I saw this caption underneath a photograph of a _kaira _(which I believe would be equivalent to _gimlet_ in English):

"Hirsien tapitukseen käytetty kaira"

As far as I know, _tapittaa _means more or less the same thing as _tuijottaa_, and _hirsi _is a wooden beam, so this phrase doesn't make sense to me. Voisiko joku auttaa?

K


----------



## sakvaka

I understand the sentence in Finnish, but don't know how it should be translated in English. Therefore, let me try to explain what it means.

Hirsi is a wooden beam. 
Kaira is a tool to drill holes with, just like "pora".
Tappi means "peg" (A cylindrical wooden, metal etc. object used to fasten or as a bearing between objects.)
Tapittaa is a verb that means the action of fastening objects using pegs, in English "to peg" (very logical, isn't it? )

So "Hirsien tapitukseen käytetty kaira" is something like "a gimlet used to peg wooden beams".


----------



## Gavril

sakvaka said:


> I understand the sentence in Finnish, but don't know how it should be translated in English. Therefore, let me try to explain what it means.
> 
> Hirsi is a wooden beam.
> Kaira is a tool to drill holes with, just like "pora".
> Tappi means "peg" (A cylindrical wooden, metal etc. object used to fasten or as a bearing between objects.)
> Tapittaa is a verb that means the action of fastening objects using pegs, in English "to peg" (very logical, isn't it? )
> 
> So "Hirsien tapitukseen käytetty kaira" is something like "a gimlet used to peg wooden beams".



The current English wiktionary defines _tapittaa _as "stare, ogle". Is this a mistake, or are there two homonymic _tapitta_a verbs?


----------



## sakvaka

Gavril said:


> The current English wiktionary defines _tapittaa _as "stare, ogle". Is this a mistake, or are there two homonymic _tapitta_a verbs?
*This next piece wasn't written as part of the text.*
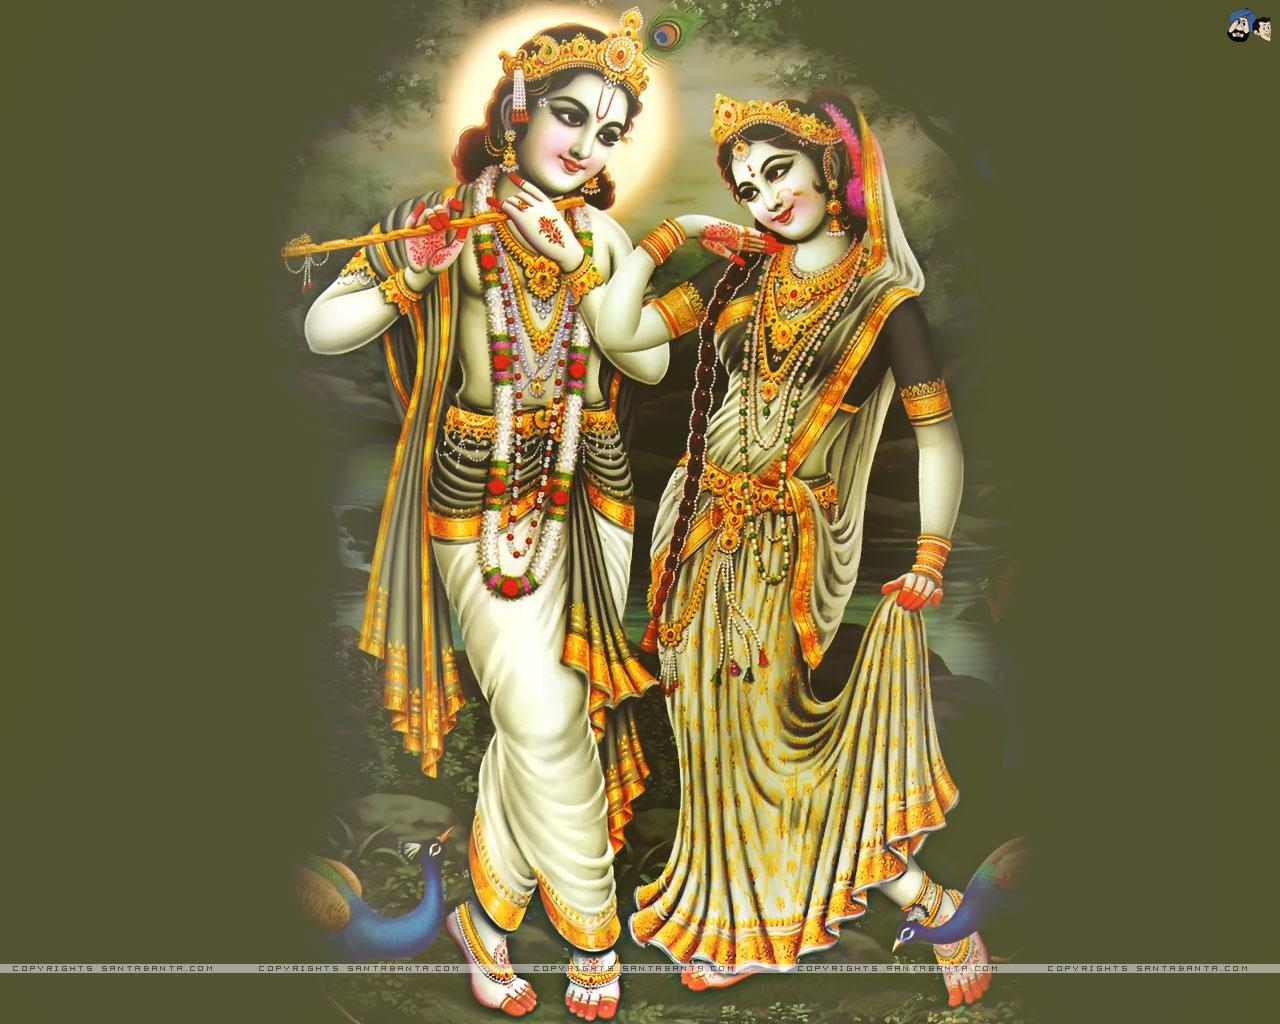 http://1.bp.blogspot.com/_2QHcx0puPFg/Swe3DLNTA4I/AAAAAAAAF1g/BPR_X0bjvLs/s1600/lord-krishna6.jpg
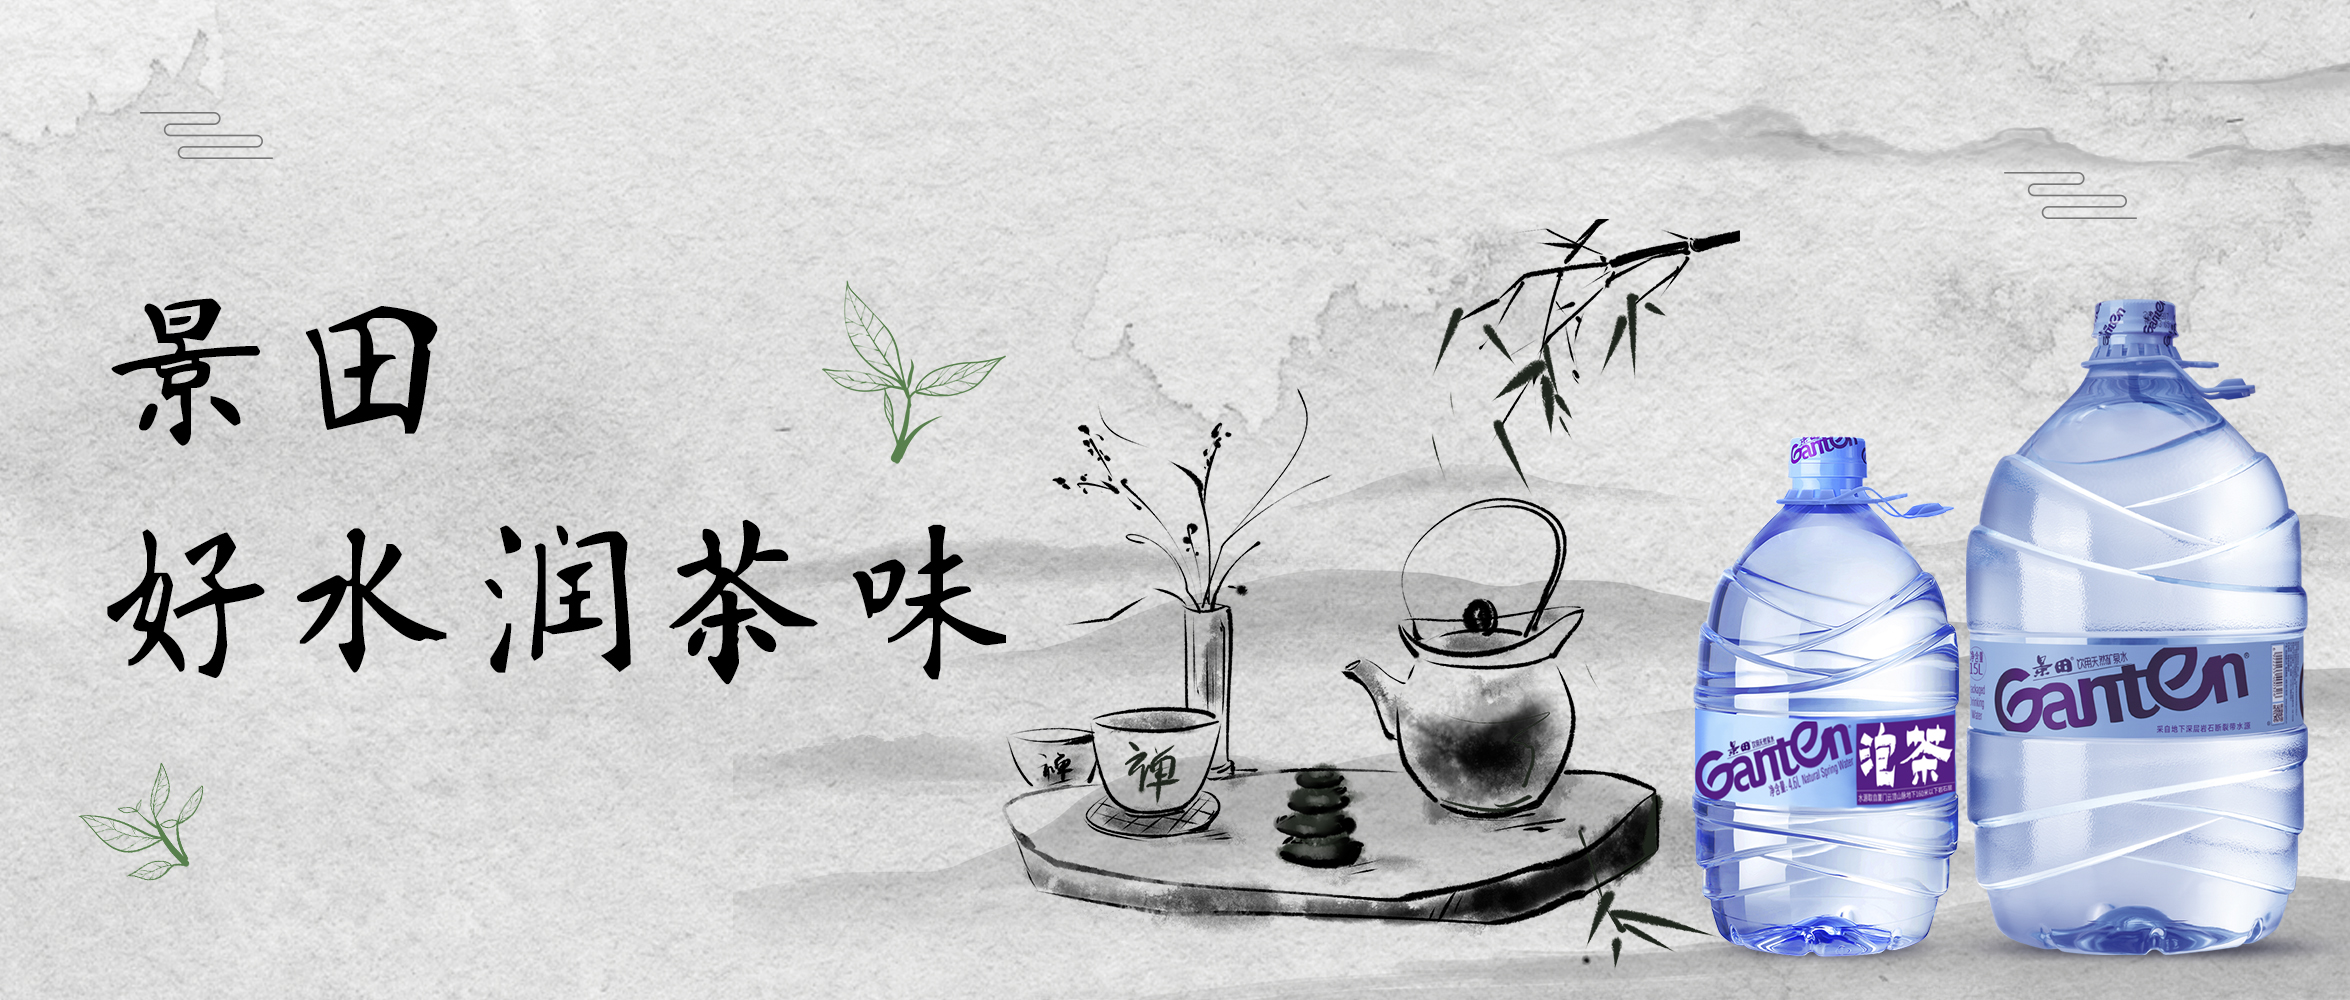 好水润茶味 | 景田携手第24届深圳春季茶博会绽放茶香

That's right, "tapittaa" has also another, rather colloquial meaning of staring. It is considered more like a slang word; something that shouldn't be used in formal contexts. "Tuijottaa" means the same, and it is more formal.

But in this context "tapittaa" is a verb derived from the word "tappi". As far as I know, it is somewhat difficult to stare wooden beams with a gimlet.


----------



## Hakro

Gavril said:


> The current English wiktionary defines _tapittaa _as "stare, ogle". Is this a mistake, or are there two homonymic _tapitta_a verbs?


This is, once again, a proof of the unreliability of those wikipedias and wiktionaries. They seem to be written by people who don't know much about the issues they are writing about.


----------



## sakvaka

Hakro said:


> This is, once again, a proof of the unreliability of those wikipedias and wiktionaries. They seem to be written by people who don't know much about the issues they are writing about.



That is right, indeed, but I find Wiktionaries very useful and important - but only in case they are used critically and carefully. 

But we should keep in mind that in (almost) every language the word "to stare" is much more common than the word "to peg".


----------